Supplied data:

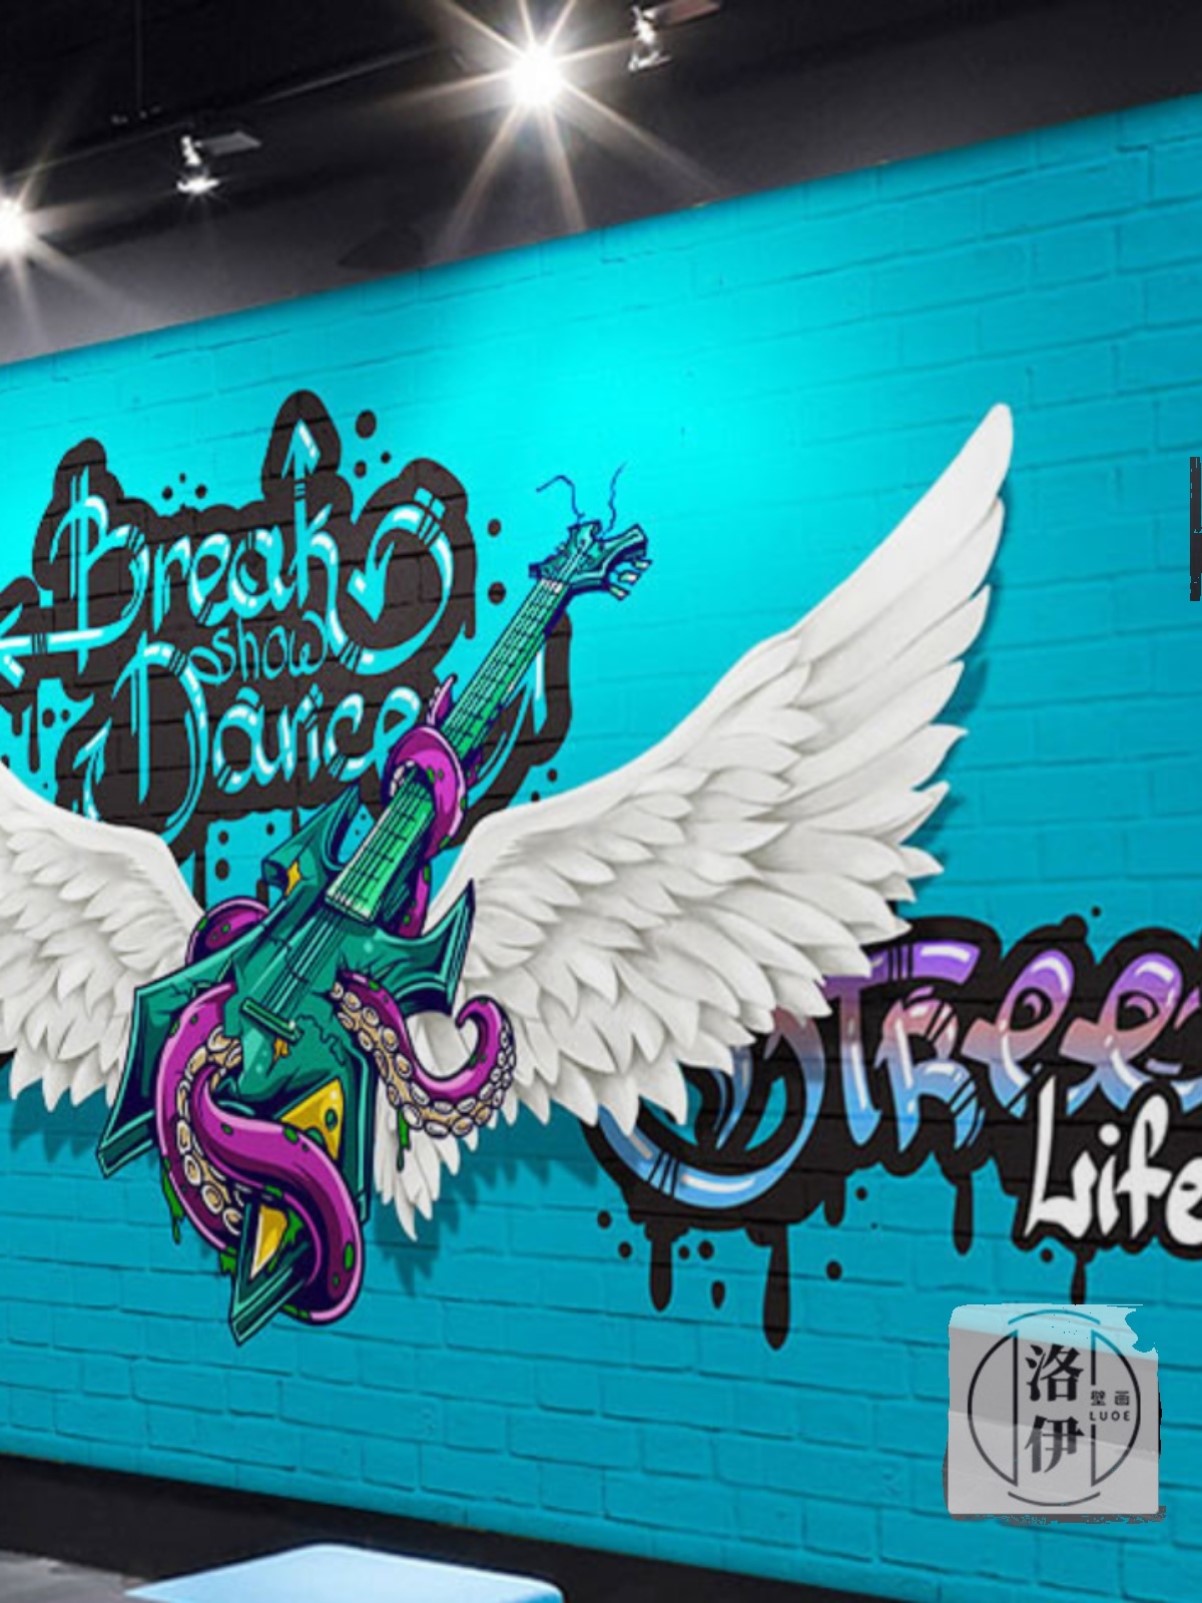 涂鸦摇滚音乐翅膀壁纸舞台吉他教室壁画舞蹈房嘻哈街舞室背景墙纸
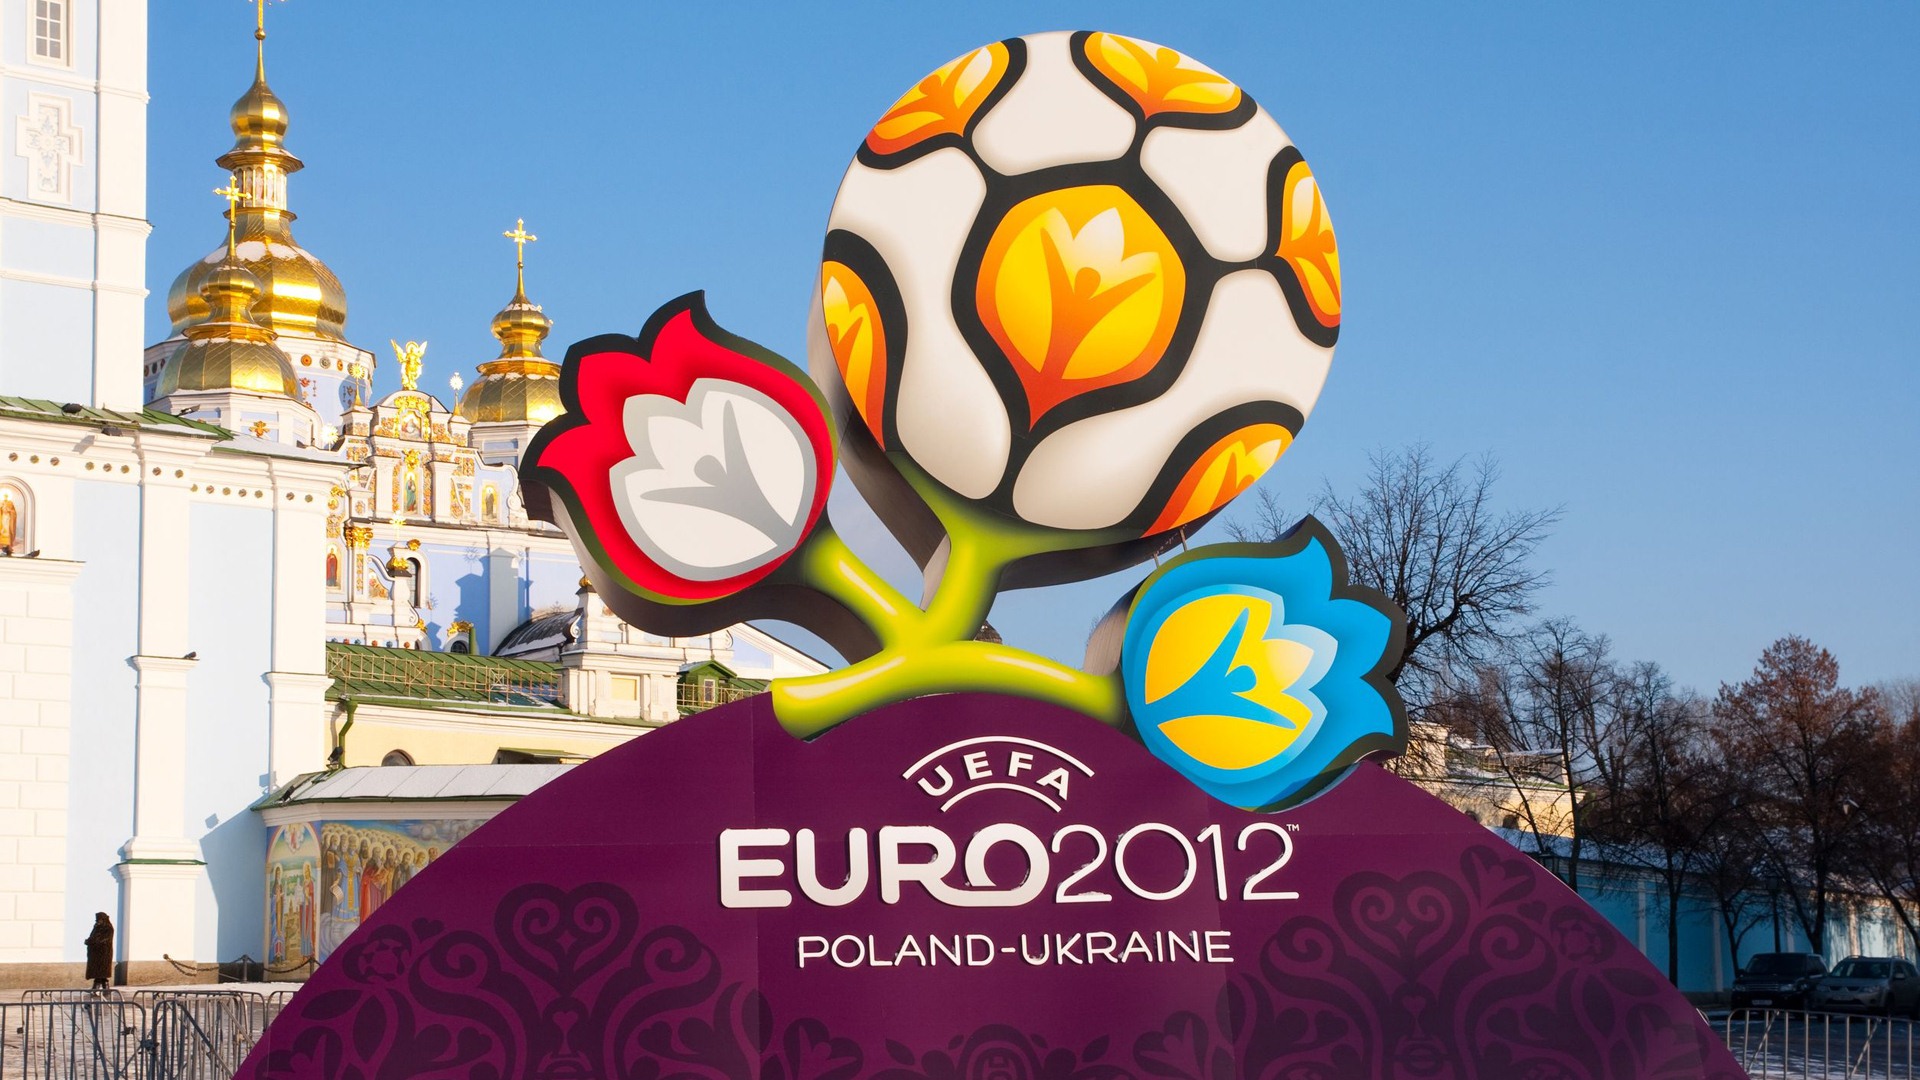 UEFA EURO 2012 欧洲足球锦标赛 高清壁纸(二)17 - 1920x1080
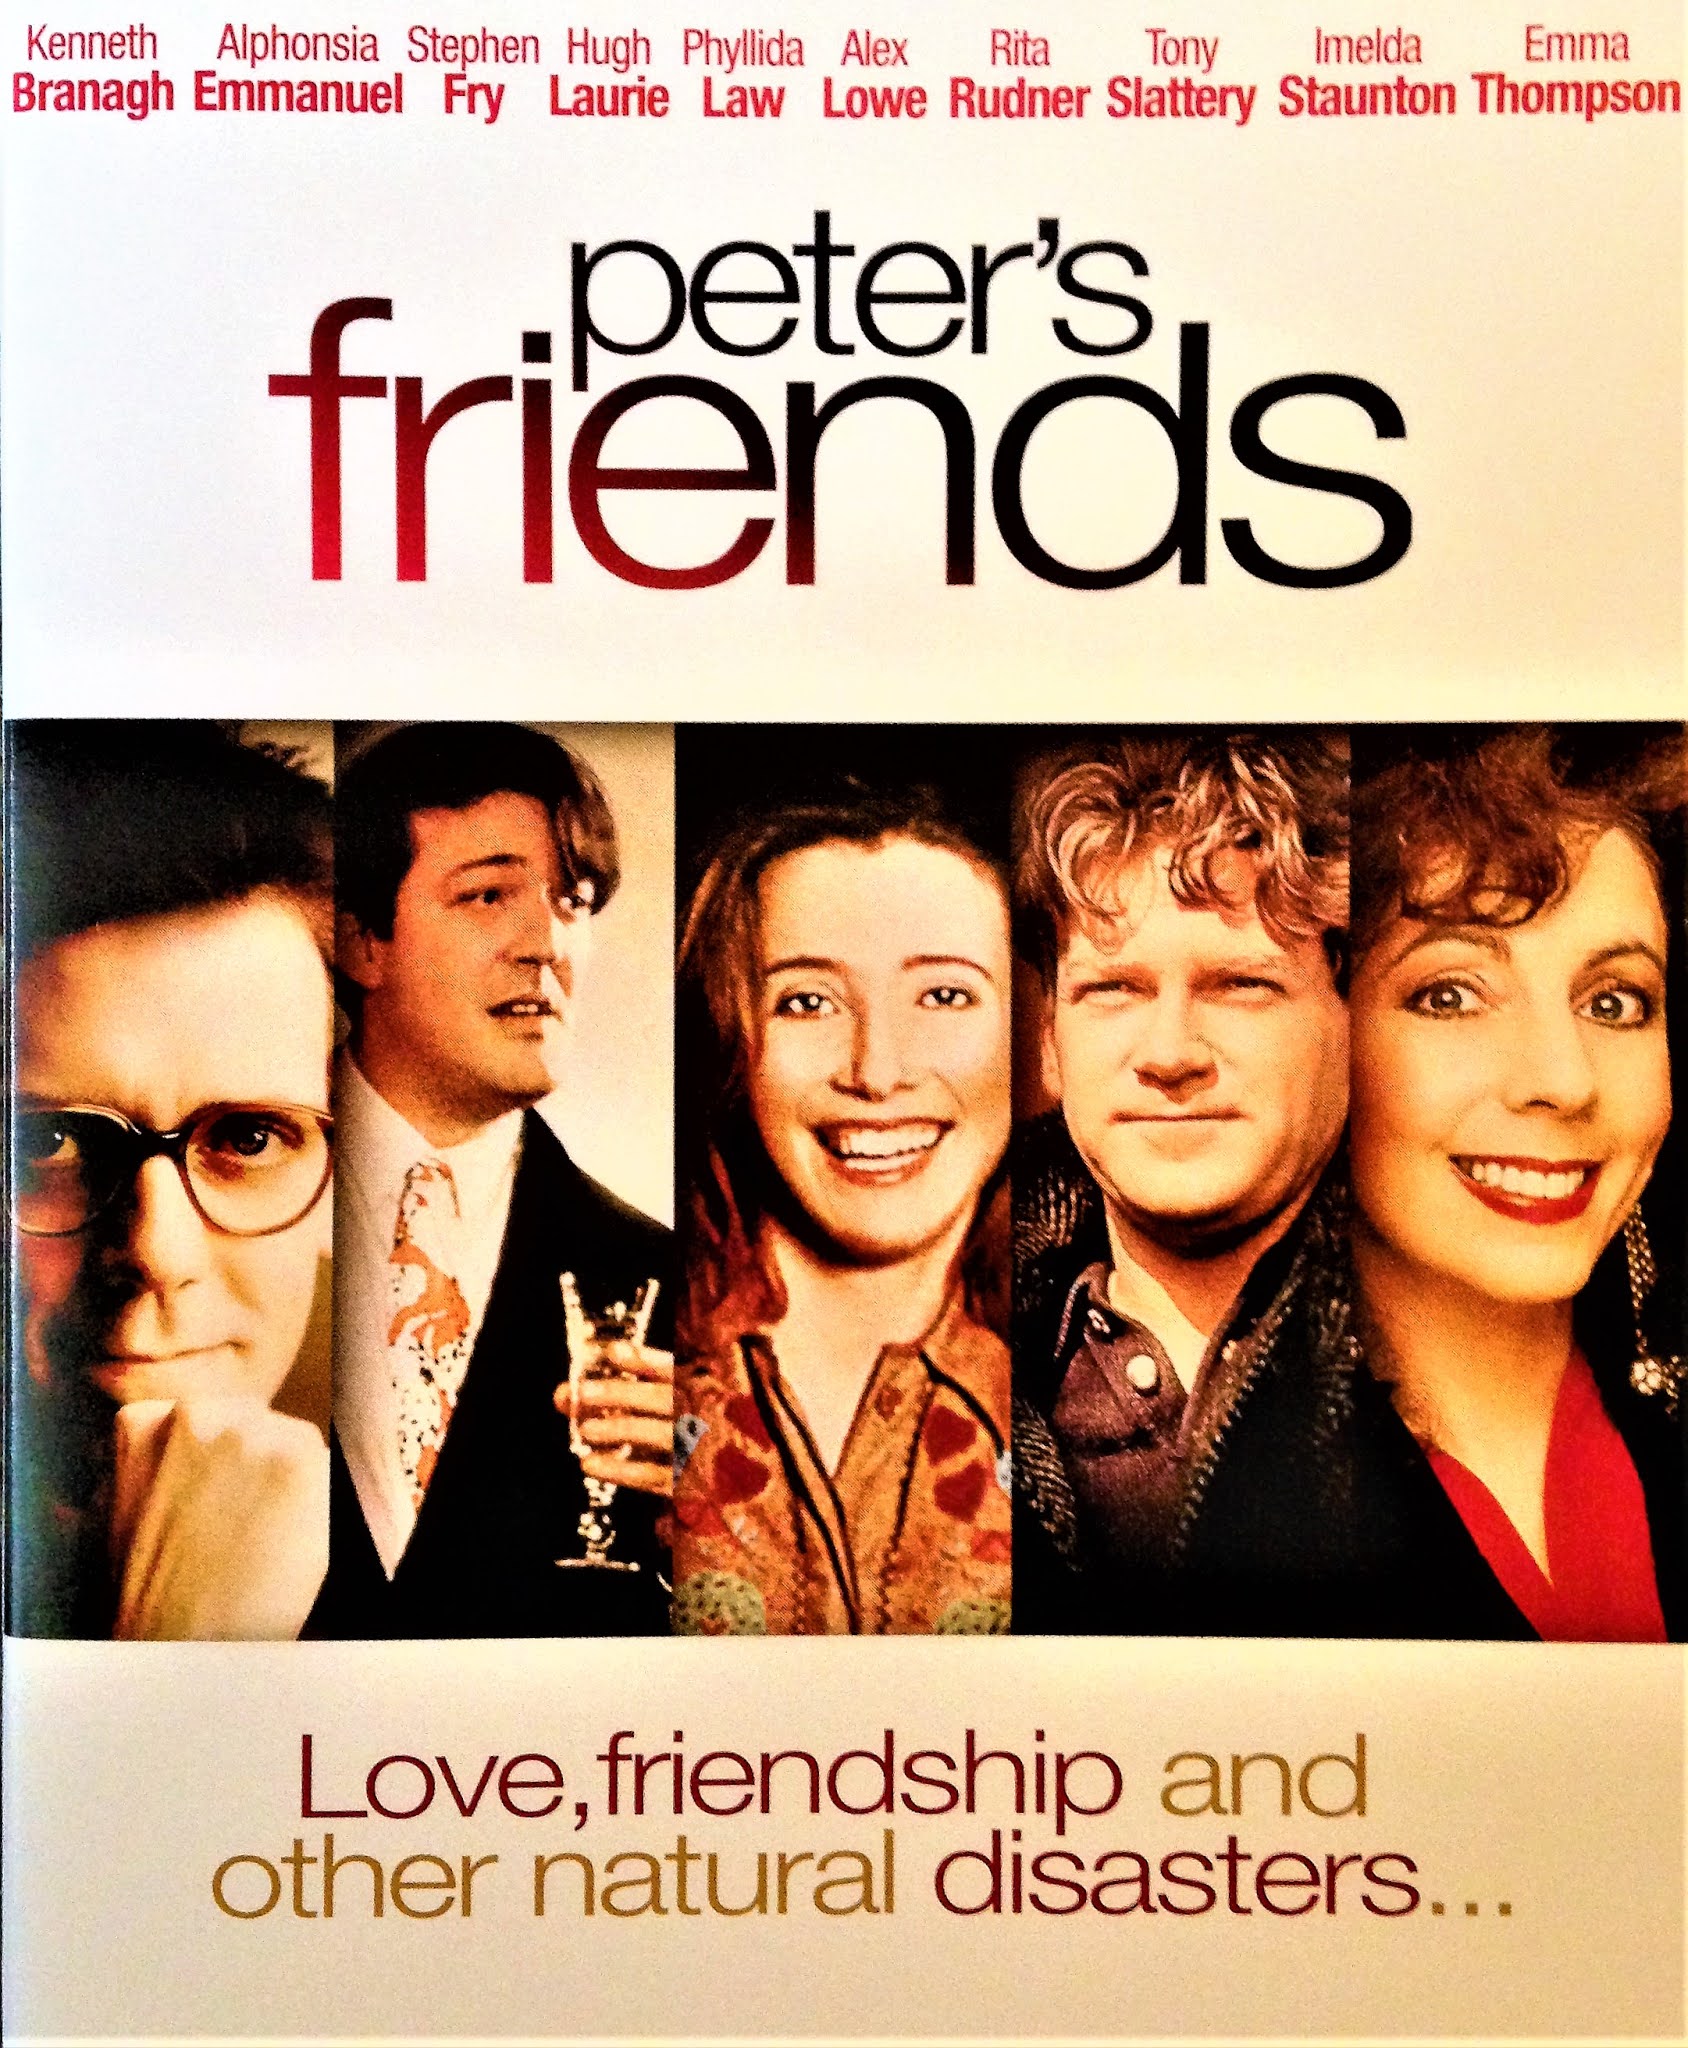 Peters friends. Peter's friends 1992. Peter’s friends (1992) poster. Друзья в Питере.

Work task:
Exactly as written above, print every line of the data but not its pictures.

Response:
 涂鸦摇滚音乐翅膀壁纸舞台吉他教室壁画舞蹈房嘻哈街舞室背景墙纸
 UEFA EURO 2012 欧洲足球锦标赛 高清壁纸(二)17 - 1920x1080
 Peters friends. Peter's friends 1992. Peter’s friends (1992) poster. Друзья в Питере.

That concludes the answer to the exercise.